Alan Randall has helped set the agenda and mold the form of modern natural resource and environmental economics, through his contributions to theory, method, and application, his broad and innovative scholarship, his widely-used textbook, and his two decades of teaching at all levels and mentoring graduate students. He has been active in the policy process concerning resources and environmental issues, and has played an effective role in university governance.

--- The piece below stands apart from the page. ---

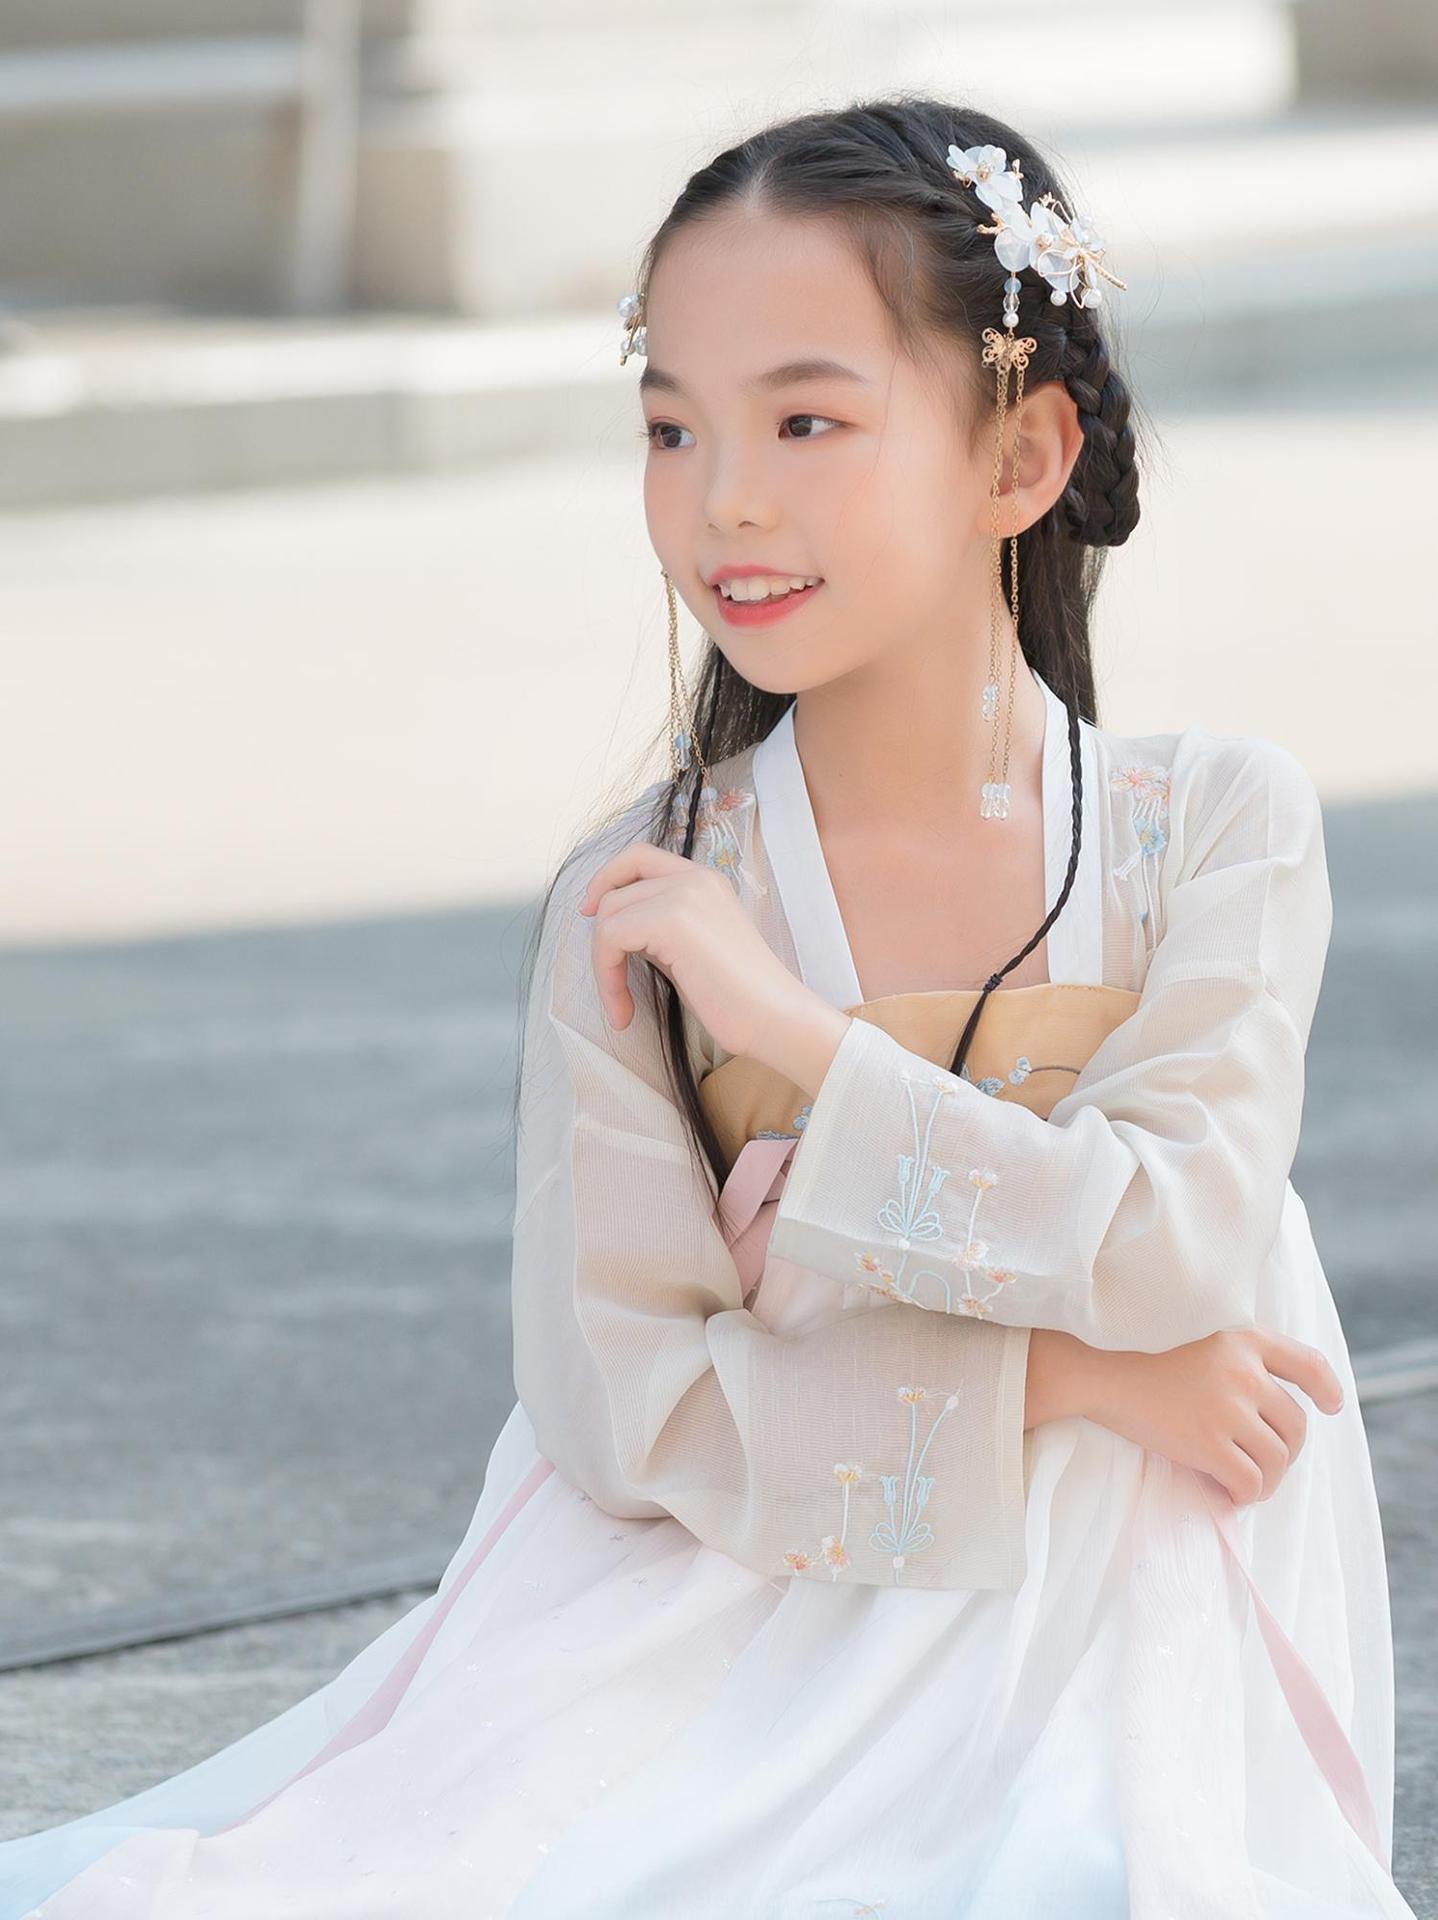 delle donne dei bambini LCI16 2020 vestito nuovo hanfu Alto-craft disegno appeso tintura pensili con ricamo doratura abbellimento per bambini

Soon after he completed his education at the University of Sydney and Oregon State University, Alan's award winning 1972 American Journal of Agricultural Economics article established his reputation in the theory of market failure and the economics of institutions. While his work on these topics has been sustained, he has branched into other areas of resource economics. A series of papers with current and former graduate students, advancing the theory and methods of welfare change measurement and benefit cost analysis, has been published in American Economic Review, AJAE, Land Economics and Management. His 1974 JEEM article is seminal in the contingent valuation literature, and it remains the only winner of awards for a publication of enduring quality from both AAEA and AERE. Contingent valuation is now accepted in benefit cost analysis by domestic and international agencies, and by U.S. courts for natural resources damage assessment. Through sustained and innovative contributions to contingent valuation, Randall and his graduate students have remained at the forefront. Recently, Randall led the U.S. Dept. of Justice's economic assessment of environmental damage from the Exxon Valdez spill.

Carefully reading in philosophy of science has informed Randall's work in methodology for agricultural and resource economics. A series of current papers suggesting a philosophical justification for a policy framework that is sensitive to benefits and costs and to a safe minimum standard of conservation is attracting attention among ecologists and environmental ethicists, as well as economists.

Randall has produced three books and more than 190 papers and publications. His work is read widely and reprinted frequently in books of readings, and he is among the most-cited agricultural economist. He is in demand worldwide as a speaker and a lecture.

Alan Randall has had a major, positive effect on the graduate programs at the University of Kentucky and The Ohio State University in curriculum development and as a teacher and dissertation adviser. His Ph.D. graduates include an AAEA outstanding dissertation award winner and two honorable mention winners, and more than a dozen faculty members at major universities in the U.S. and other countries. Many of the young professionals who trace their academic lineage to Alan Randall have continued to work in areas that he helped define and develop. He inspires strong loyalty in his former graduate students, and repays that loyalty with enduring concern for their professional progress and personal well-being.

While Randall seldom shines from controversy, he is insightful and effective in university service roles. He has served as a university senator, chair of major university councils, and as a diligent colleague on many less glamorous committees. His service role extends beyond campus to the discipline and the nation. He has been an associate editor of AJAE, and has served on important AAEA and AERE committees. He has served on three National Research Council committees and a Council on Agriculture Science and Technology panel, and has been a consultant to the government, research organizations, and public interest groups.

Alan Randall is a broad-ranging but rigorous thinker and scholar, an innovative and productive researcher, an effective mentor, a major and continuing contributor to his discipline, and an unselfish servant to his university.


Fellow information reprinted from the December 1993 AJAE.